All lines from the one holding "Pinus Pollen File:pinus Pollen Cone Ls.jpg" to the end of the listing are to be output exactly, both ends included, with any pictures left out.

## GIVEN DATA
========================================

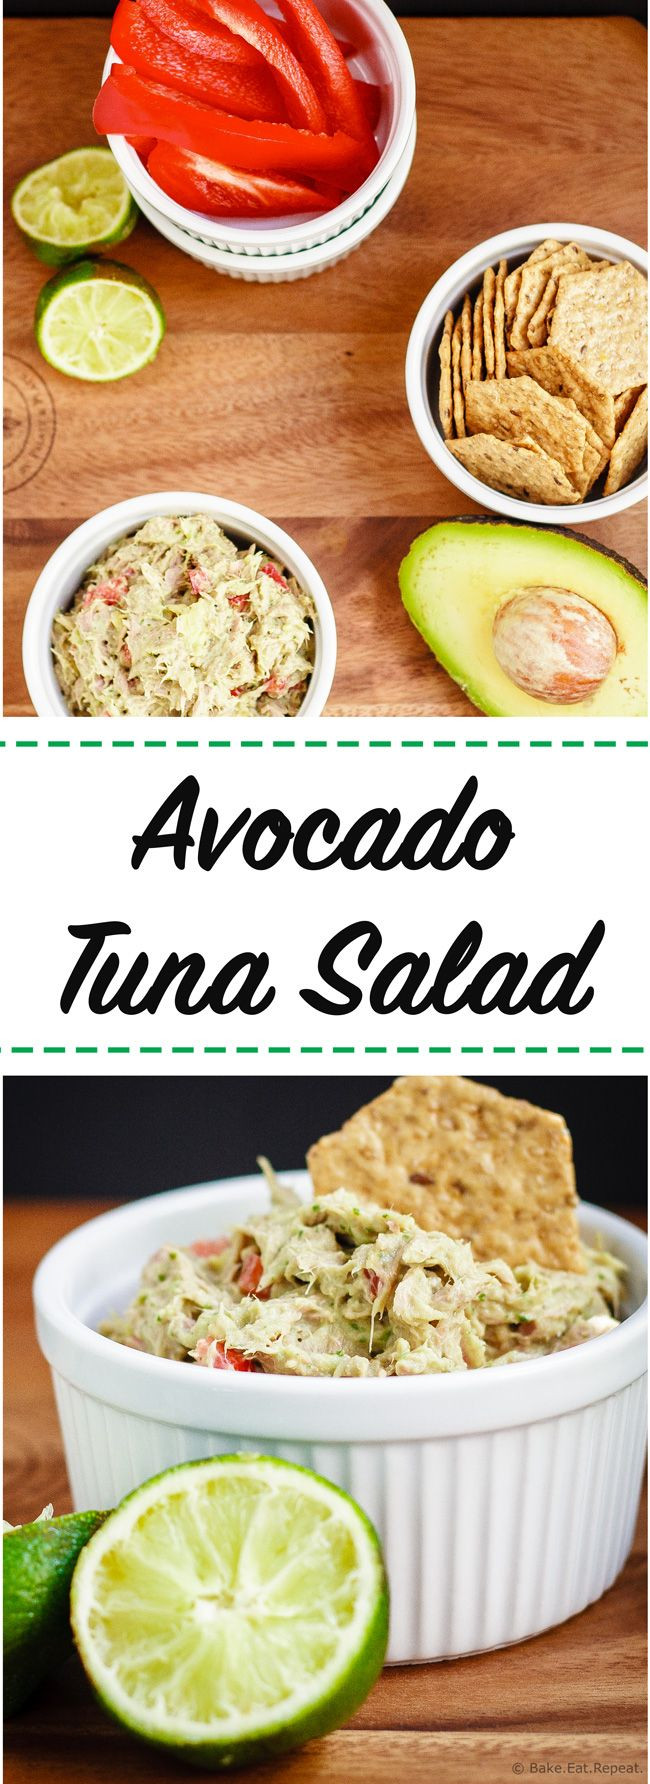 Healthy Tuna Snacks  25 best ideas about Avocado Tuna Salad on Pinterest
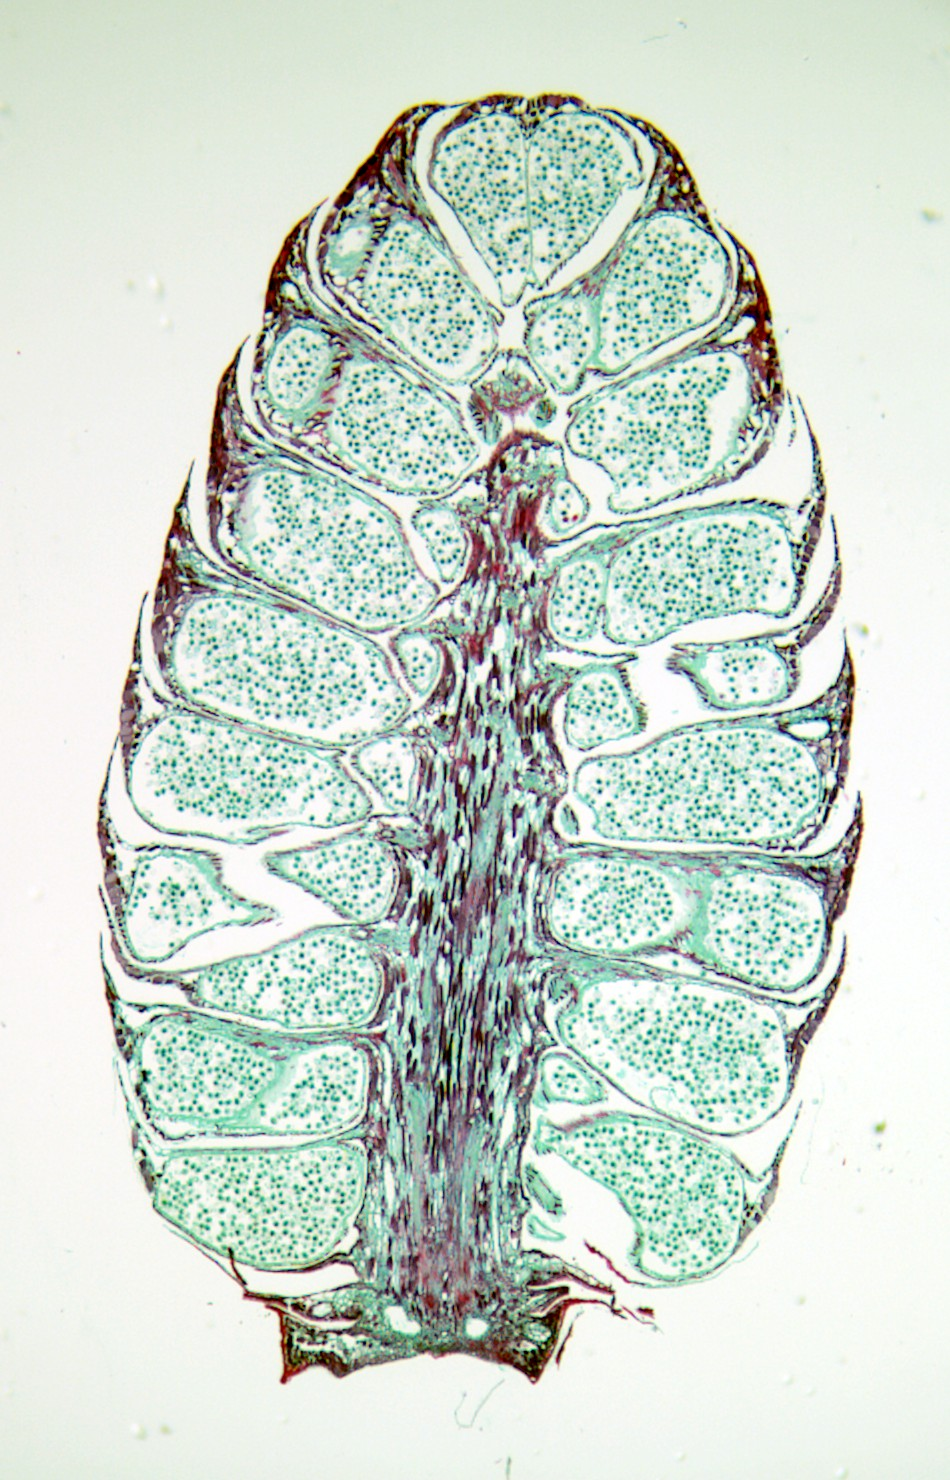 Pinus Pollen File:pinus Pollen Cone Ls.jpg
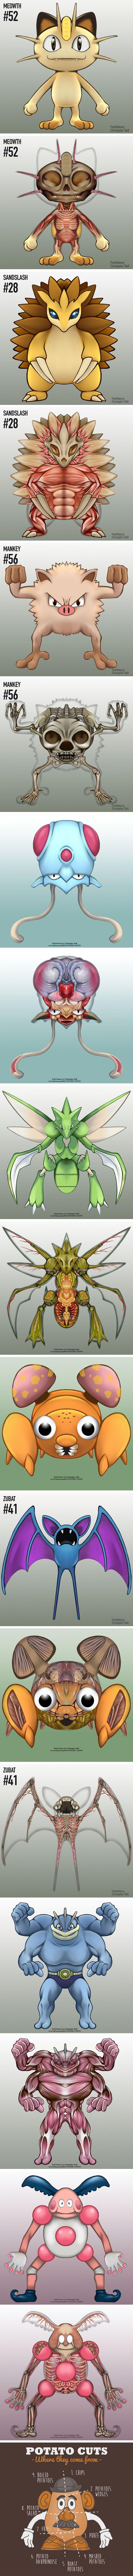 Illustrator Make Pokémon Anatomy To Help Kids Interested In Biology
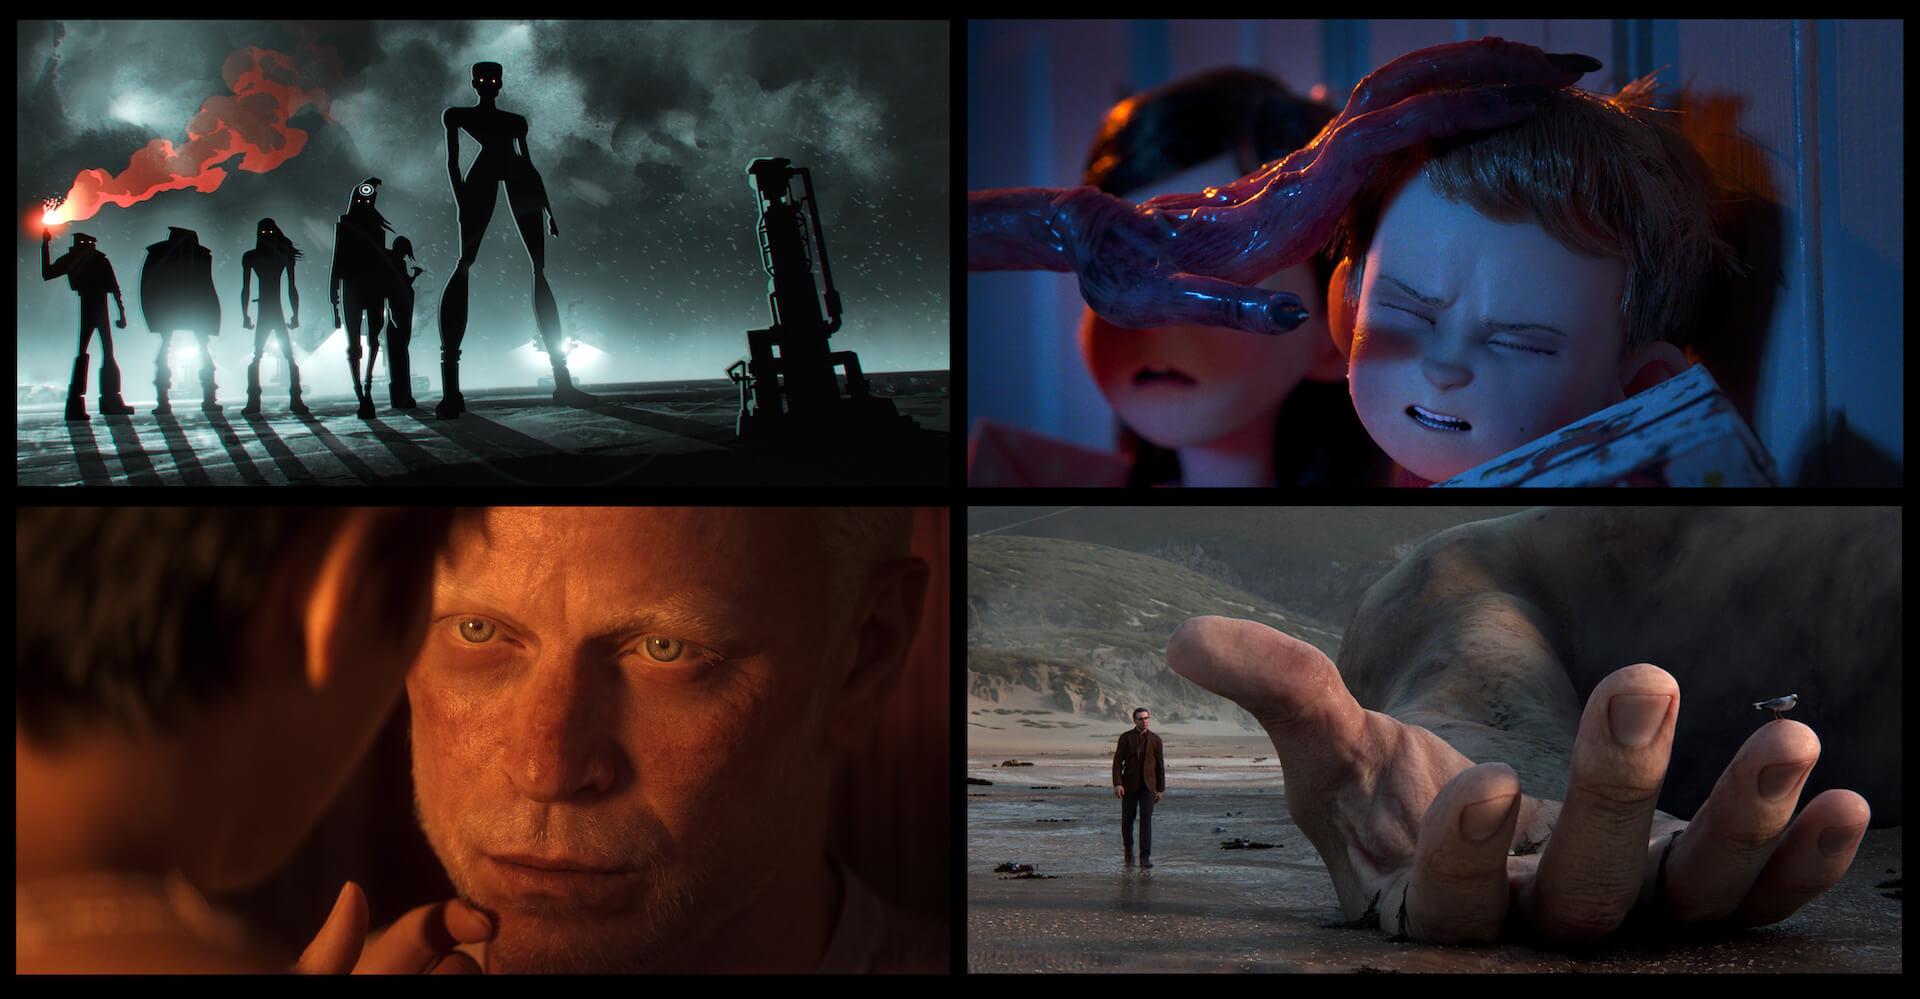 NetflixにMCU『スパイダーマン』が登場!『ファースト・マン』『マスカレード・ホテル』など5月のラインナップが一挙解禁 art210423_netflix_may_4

========================================

## EXERCISE ANSWER
 Pinus Pollen File:pinus Pollen Cone Ls.jpg
 Illustrator Make Pokémon Anatomy To Help Kids Interested In Biology
 NetflixにMCU『スパイダーマン』が登場!『ファースト・マン』『マスカレード・ホテル』など5月のラインナップが一挙解禁 art210423_netflix_may_4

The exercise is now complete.